Nicole Brandt, 2014 religion and the arts Belmont graduate and founder of Poverty and the Arts (POVA), was recently featured on “The Plus Side of Nashville.” As a social enterprise, POVA provides supplies, studio space, training and a marketplace for artists overcoming homelessness to create and sell artwork while gaining entrepreneurial and social skills. On “The Plus Side,” Brandt detailed POVA, how the idea was born and the ways she and her team are impacting the Nashville community.
Growing up in a small town, Brandt said she had the opportunity to spend time with a homeless community weekly during her senior year of high school. Through the relationships she built there, a new passion was formed. When she moved to Nashville to attend Belmont, Brandt said she began attending church and volunteering for a homeless ministry where she passed out donations, but it was the chance to listen to each person’s story and experiences that impacted her most.
“I learned the places they hated and the place most loved, like Room in the Inn,” she said. “While I enjoyed getting to know my new friends and often tried to coordinate groups of students from Belmont to come with me to Church Street Park, I knew there must be a way to make a greater impact by sharing my experience on a deeper level with more people.”
Her sophomore year, Brandt landed what she calls her “dream job,” working with Tim Stewart at Belmont’s Office of Service Learning. As the Diversity and Human Rights Campus Coordinator, Brandt was charged with developing and executing three community service projects each semester for students. “I saw this as my opportunity to recreate the environment I had experienced in Kentucky where students could genuinely get to know people experiencing homelessness,” she said. “I started to wonder what it would look like for art to be the conduit in which community members have an opportunity to sit down as equals with individuals experiencing homelessness–creative and talented human beings in the middle of a struggle, someone they can relate to.”
Soon after, Brandt worked alongside Room in the Inn to host her first POVA event where Belmont students participated in visual art, music or creative writing with members of the un-housed community. Thanks to a positive response from participants, Brandt continued hosting POVA events each semester through her position at Belmont. As graduation approached, Brandt began to realize she might have found just what she was looking to do professionally.
“I started to dream about POVA’s sustainability and about the impact it could have on the Nashville community,” she said. “After meeting with several contacts from the nonprofit field for advice, one phrase that continued to stand out was ‘Don’t repeat services.’ Nashville doesn’t need more nonprofits doing the exact same thing and competing for the same funding. This really resonated with me as I began to evaluate our program and shape its current services.”
Seeing significant talent but a lack of resources in the community, Brandt launched POVA’s Artist Collective in May 2014. Seeking to provide the resources needed to allow homeless individuals the opportunity to create art, the Collective provides an opportunity for artists to create and sell artwork as a way to earn income for themselves. “This supplemental income, made possible by their creative skills, provides greater autonomy in their day-to-day lives and allows the artists the opportunity to take control over basics like where to eat, how to get around or who to spend time with,” Brandt said.

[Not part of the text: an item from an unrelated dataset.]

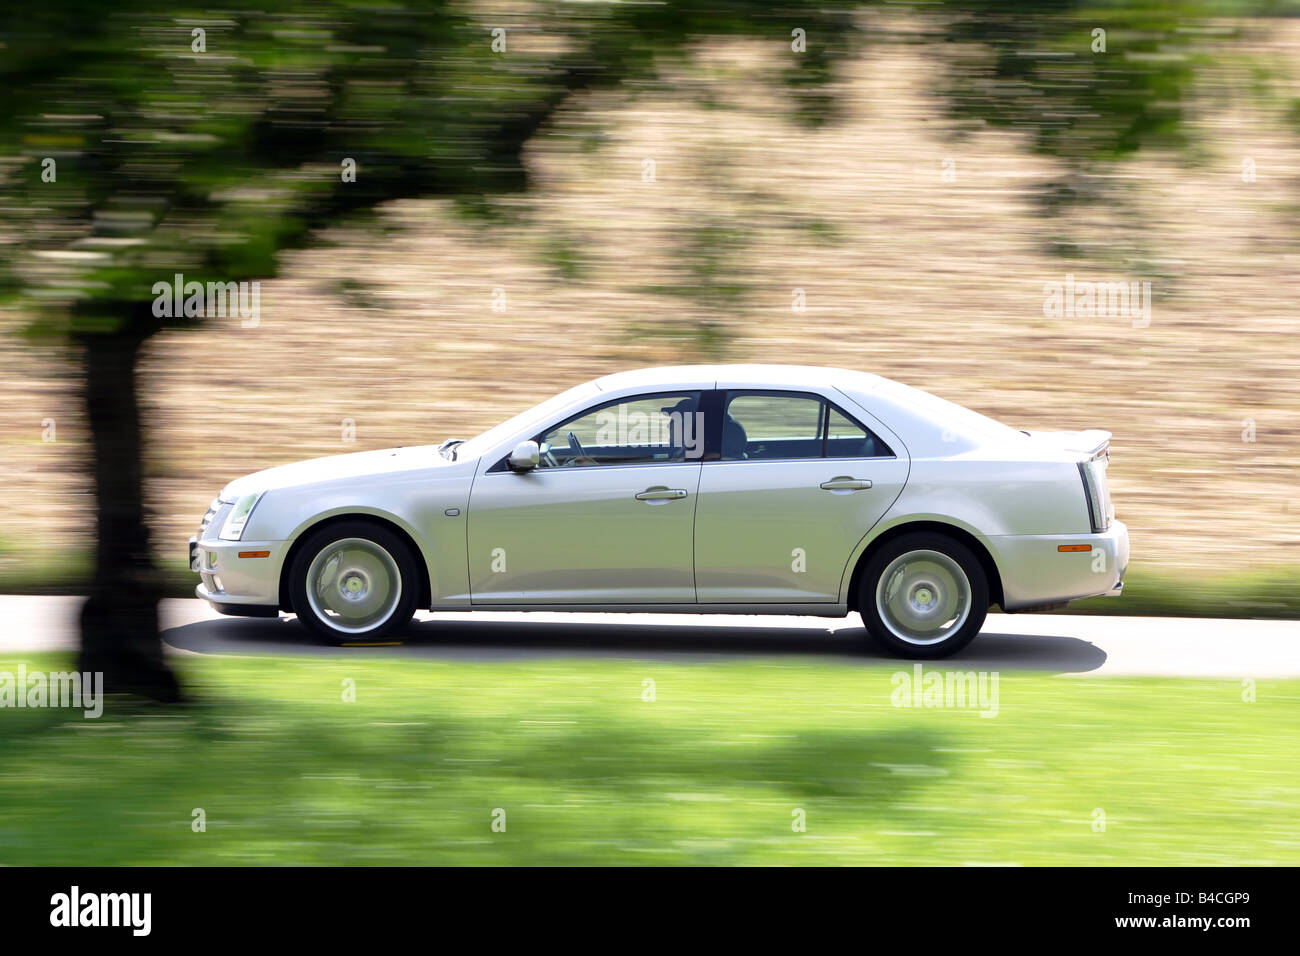 Cadillac STS 4.6 V8, l'année de modèle 2005, d'argent, la conduite, la vue latérale, country road Banque D'Images
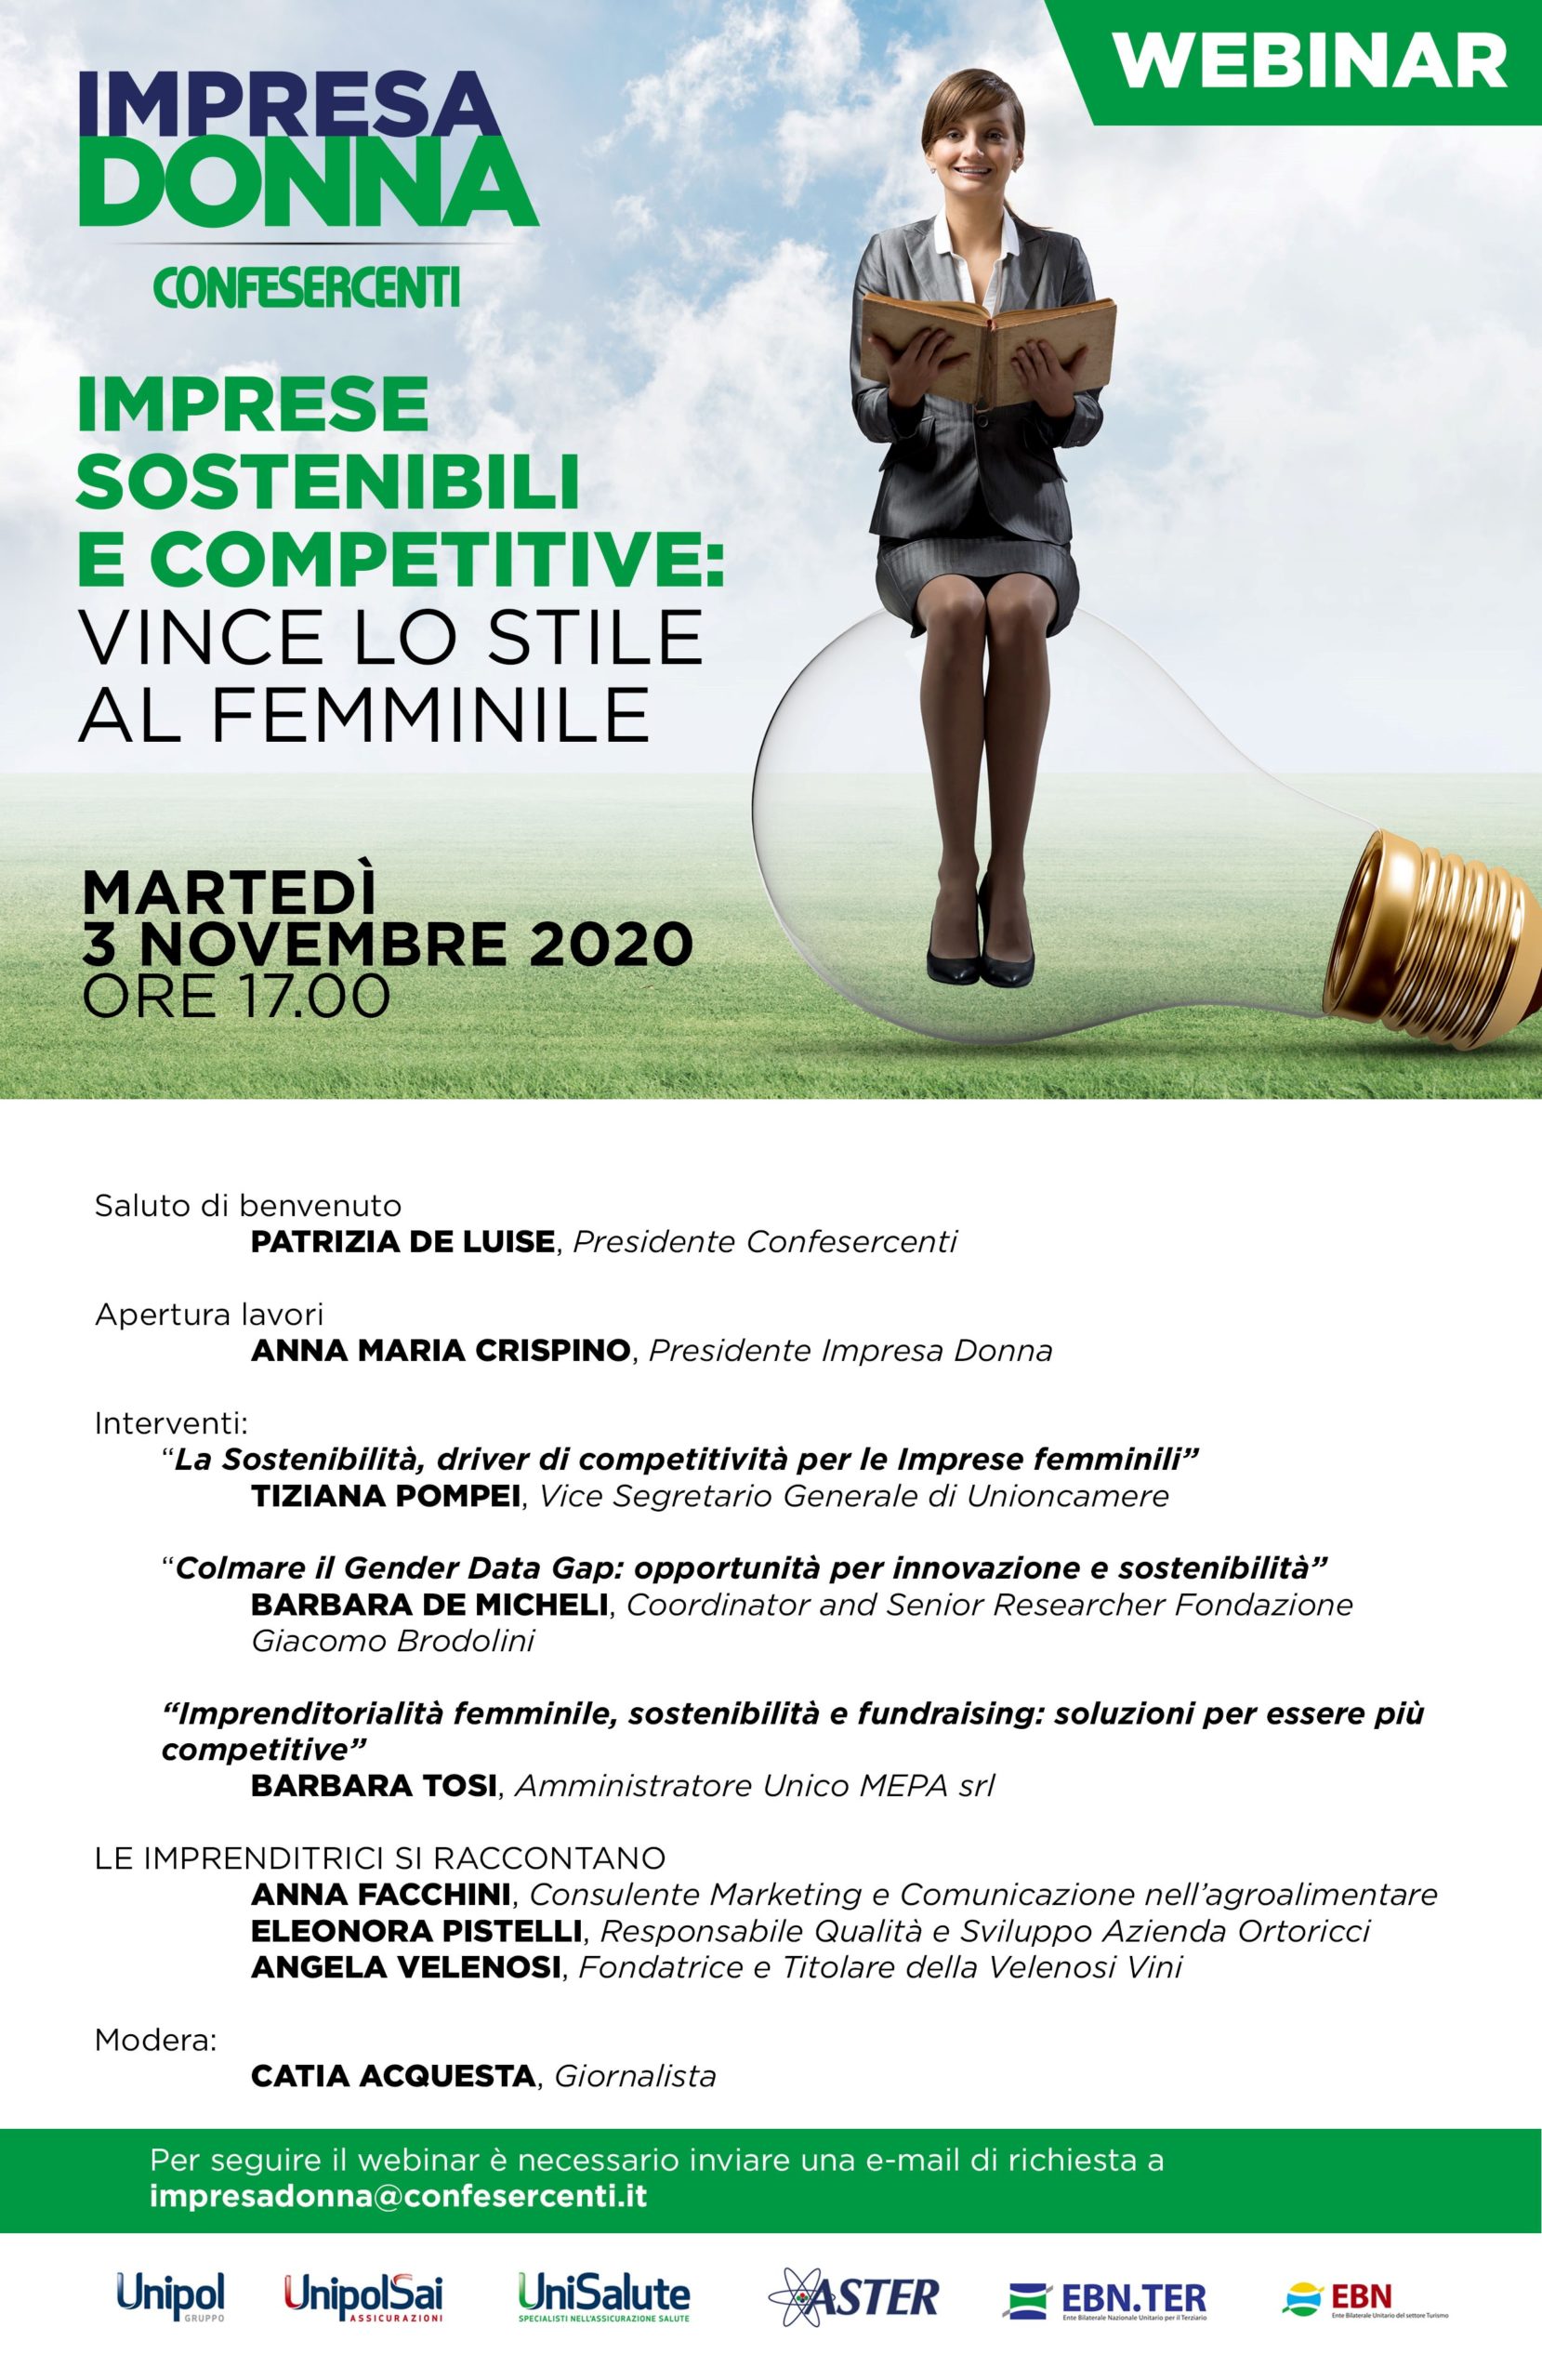 Impresa Donna Confesercenti, il 3 novembre il webinar “Imprese sostenibili e competitive: vince lo stile al femminile”

Now, POVA has served 20 artists total, 9 of which have transitioned into housing since joining the programming. The organization has secured a rental property and transformed it into a Studio and Gallery in Wedgewood-Houston, allowing them to participate in the neighborhood’s monthly art crawl and provide ongoing exhibition opportunities to their artists.
Long-term, Brandt and her team hope to expand their services and increase the number of artists they serve. In addition to purchasing their own studio and gallery in the next five years, POVA hopes to provide transitional housing to their artists in the next 10 years. “By understanding the ways in which environment drives behavior, we know that our artists have the greatest possibility of succeeding when we can provide them an environment which includes a space to live, breathe, sleep and be,” Brandt said. They also hope to increase their revenue streams, and artists’ income, by expanding to retail, corporate art and teaching artist grants.
Looking back on her time at Belmont, Brandt said she can clearly identify an environment that encouraged the kindling of her dreams, while providing her with the space necessary to grapple with the challenges facing Nashville and beyond. “I devoured and analyzed books by theologians, sociologists and philosophers,” Brand said. “All struggling with the problems of the world and theorizing potential solutions. My religion professors encouraged me to think critically about my religious background and other classes began to reshape how I saw the world and my place in it.”
“My only regret,” Brandt said, “is not taking more business classes that would have provided me with foundation I needed to launch my own nonprofit! But I am extremely grateful that I was provided an environment that allowed me to nurture and grow my dream.”